In the aftermath of the Panama papers revelations, the EU is making consistent efforts to combat money laundering and terrorism financing. Following the adoption of the 4th Anti Money Laundering Directive, the EU introduced a new directive aiming for a more transparent monitoring over complex corporate entities. Based on the harmonization procedure, the Greek Government amended the relevant legislation (i.e. Law 4557/2018) aligning its context to the new EU Directive. Based on the 5th EU directive, the new Greek legislation enhances transparency increasing pressure on companies to comply. In detail:
Ultimate beneficial ownership: how is it regulated?

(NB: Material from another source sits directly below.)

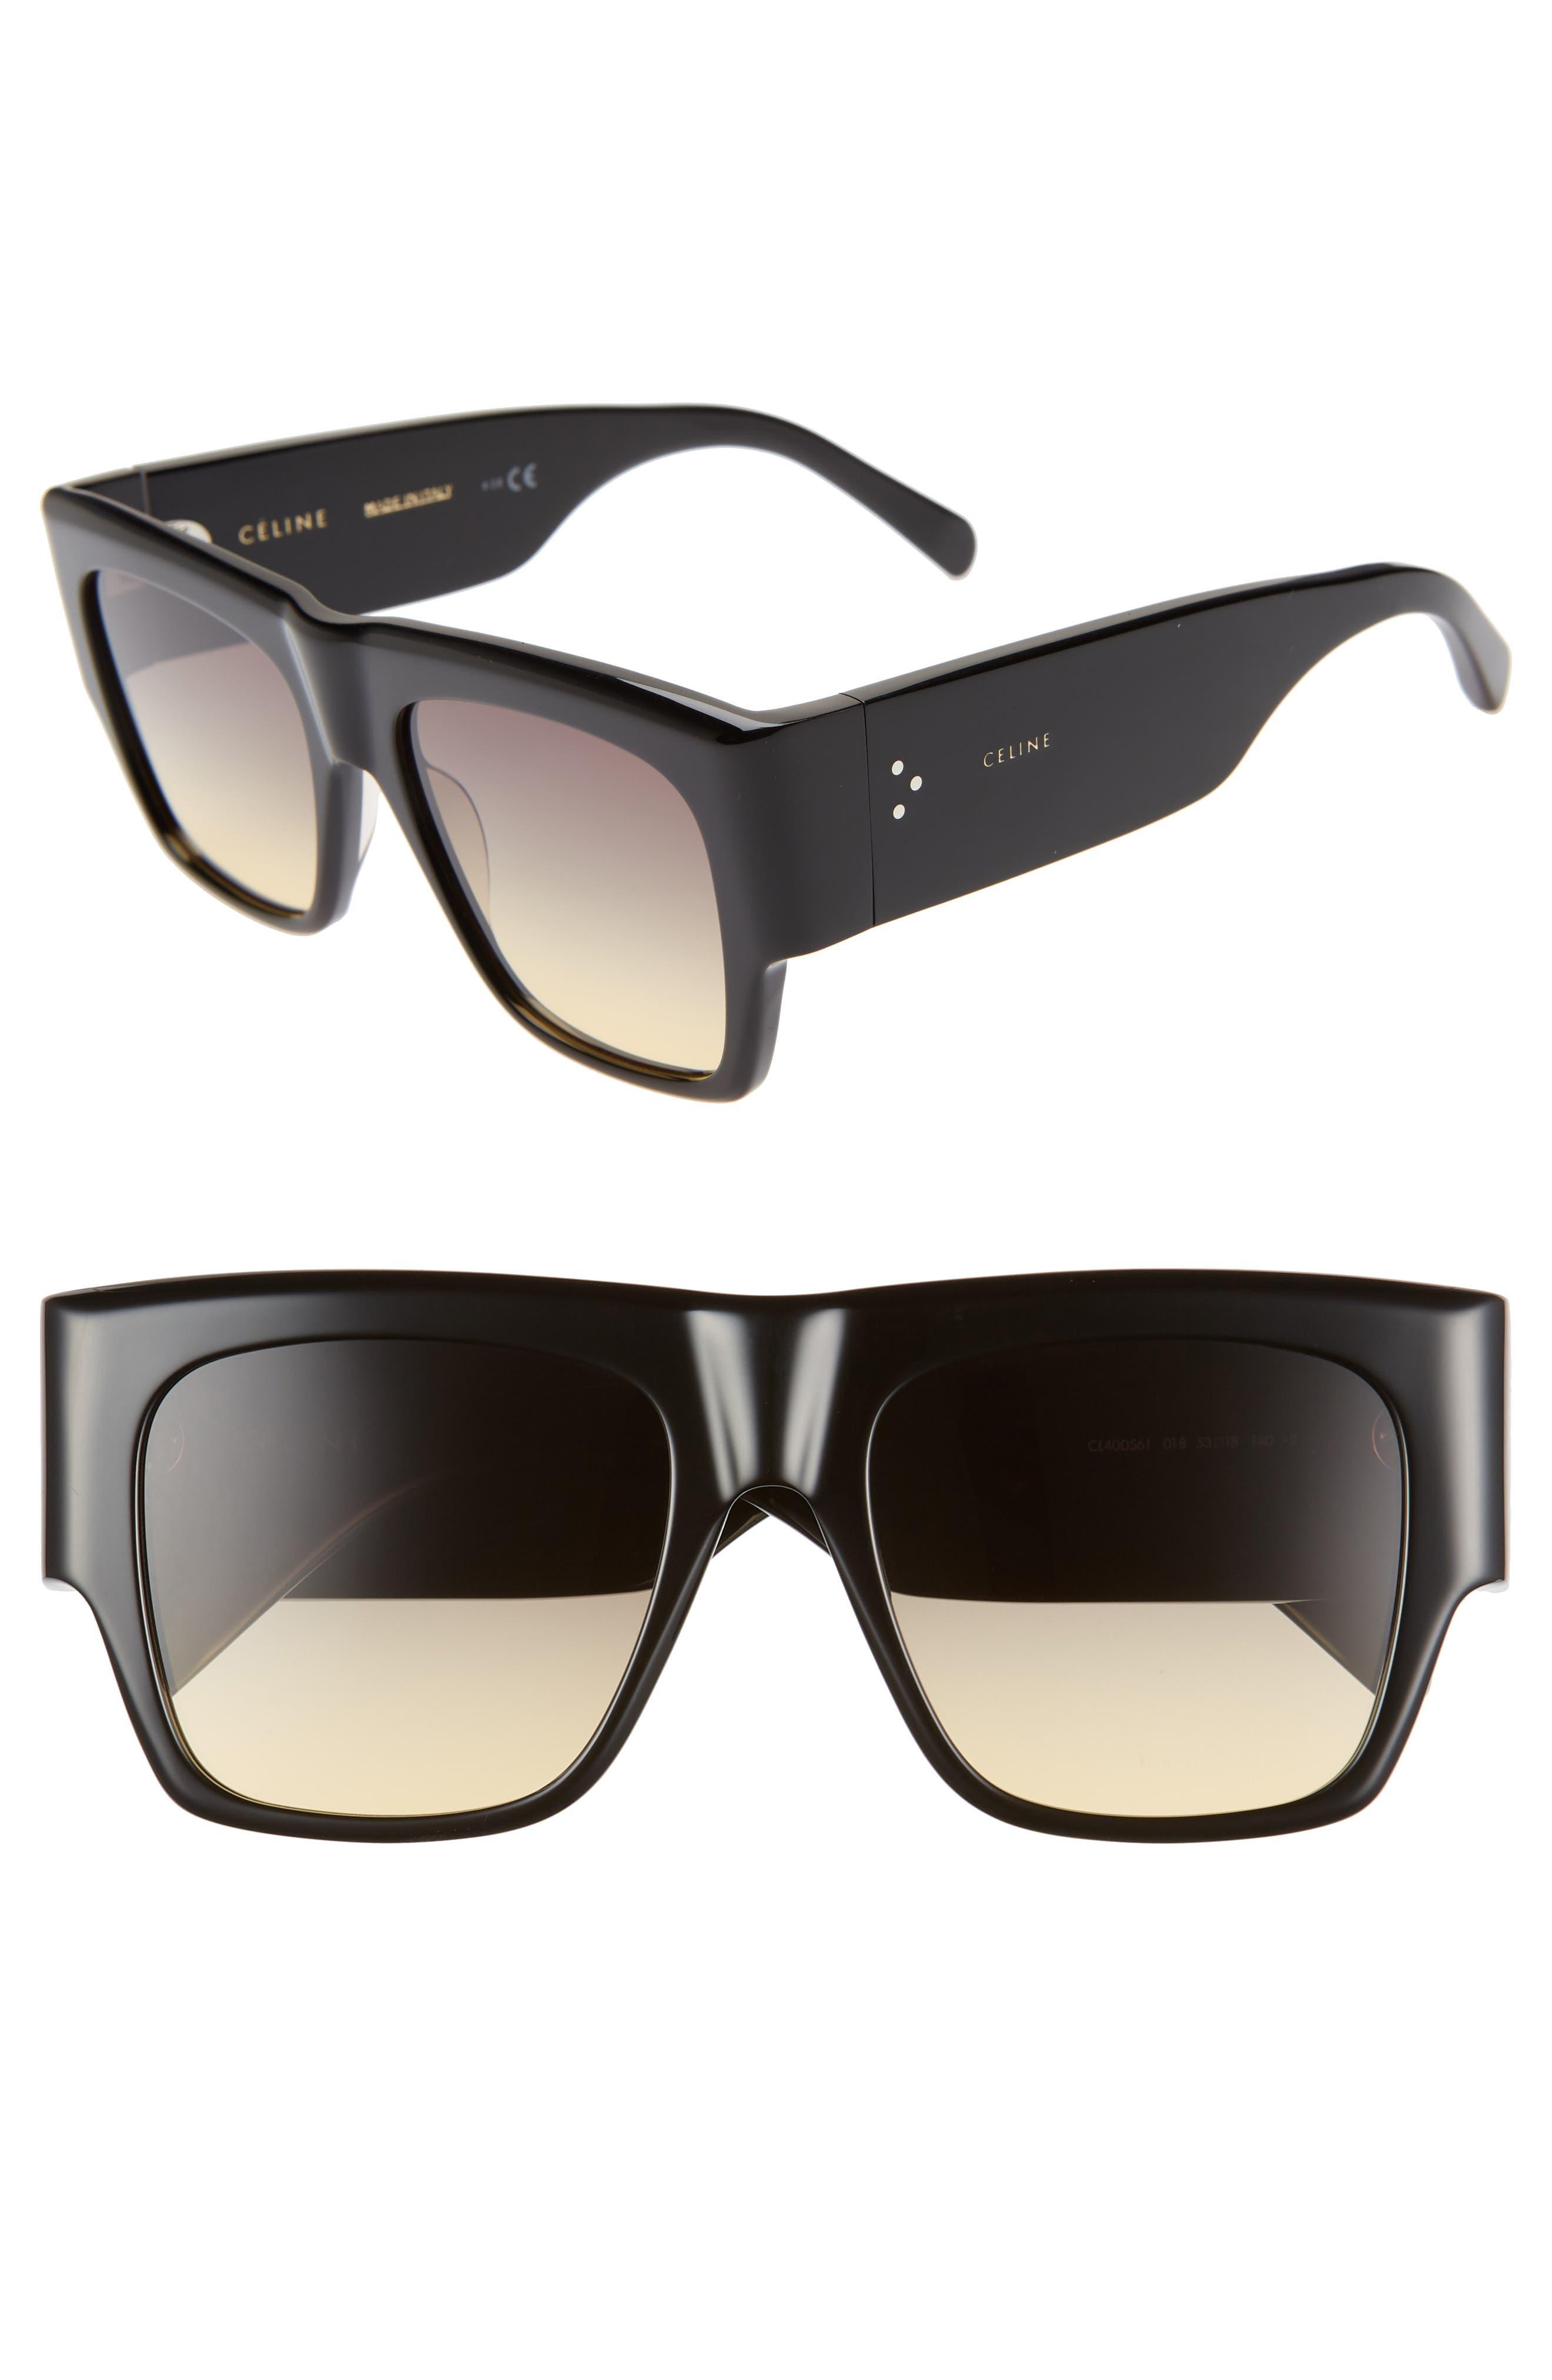 Céline 56mm Special Fit Gradient Flat Top Sunglasses, Main, color, 001

According to the legislation, the corporate entities are obliged to notify the ultimate beneficial owner (UBO), i.e. any natural person who ultimately owns or controls an entity either by directly or indirectly owning more than 25% of the shares in voting rights of that entity or exercising control through any other means over the management of the entity or over its direct and/or indirect shareholders. Should an individual fulfill any of these requirements, the companies are obliged to keep a record and submit a certain number of information regarding that person to the transparency register. The latter is an electronic database where all relevant information on the ultimate beneficial owners is stored, facilitating the precise identification of such individuals. After the amendment of the legislation, the information of the UBO that needs to be found in the register is: name, date of birth, place of residence nationality and type of economic interest in the entity. The obligation to notify also applies for trustees in the form of express trust who are required to collect and store sufficient, accurate and up-to-date information on their beneficial owner.
The UBO information is necessarily documented and updated under the responsibility of the legal representative of the company or a person who is authorised by the company. This means that Greek companies need to make inquiries to their shareholders and document the said inquiry. It is important for Greek parent companies to investigate their entire corporate structure and monitor their subsidiaries in which they have a dominant control in order to confirm whether a UBO exists or not. Further it is highly essential to check on a regular basis the local anti-money laundering rules in the countries where the subsidiaries are located.
In addition, the regulation underlines the importance of avoiding any discrepancies on the beneficial ownership information. The companies need to keep accurate UBO information and if any inconsistency is found between the information they have in their records and UBO information already provided to the transparency register, a correction is necessary. The registration of any changes in the transparency register is done within sixty (60) days.
Aiming for public scrutiny, the transparency register can now be accessed by everyone. This amendment which undoubtedly enhances corporate transparency can create some obstacles difficult to overcome for entities that do not wish to disclose all information on their UBO. It should be noted that a restriction to the access of UBO information is possible upon request of the said person only under specific conditions. For example, in case the full disclosure could set that person liable to be a victim of fraud, extortion, assault or coercion.
Considering these legislative changes, a swift response is necessary. This could be in the form of an internal inquiry towards the shareholders in order to check the entire company group if there is a shareholder who indirectly holds more than 25% in the entity or otherwise controls it. In case the shareholders have previously provided such information, the company needs to confirm whether the same information applies or if there has been a change. The inquiry as well as the answer needs to be evidenced in writing. Documentation is required for any related information provided by the shareholders. This is very helpful as through this inquiry, a discrepancy could be detected. For instance, the information provided by the shareholders might not correspond to the respective information submitted to the transparency register. Also, it is highly possible that the documentation shows a UBO identification which has not been yet disclosed. In both cases, the inconsistency needs to be corrected.
In case a company does not comply with the above requirements, it will be subject to fines that will need to be paid within a certain deadline. In case of non-payment or repeated violations then the fine will be doubled. In order to avoid such consequences, it is advised that companies fulfill their obligations according to the disclosure requirements.
The transposition of the 5th EU directive is a significant step towards the fight against money laundering and terrorism financing which attributes a higher corporate responsibility in terms of transparency and widens the scope of compliance obligations. As for future steps, given the transnational character of such activities, the EU member states are now contemplating the implementation of an EU regulation. In particular, the European Commission has formed an action plan for a comprehensive EU policy on preventing money laundering and terrorist financing. The lack of coherent legislation amongst the EU member states requires a profound regulatory framework. Having this in mind and in order to avoid any legislative gaps, the European Commission plans to propose a more harmonized set of rules in the first quarter of 2021.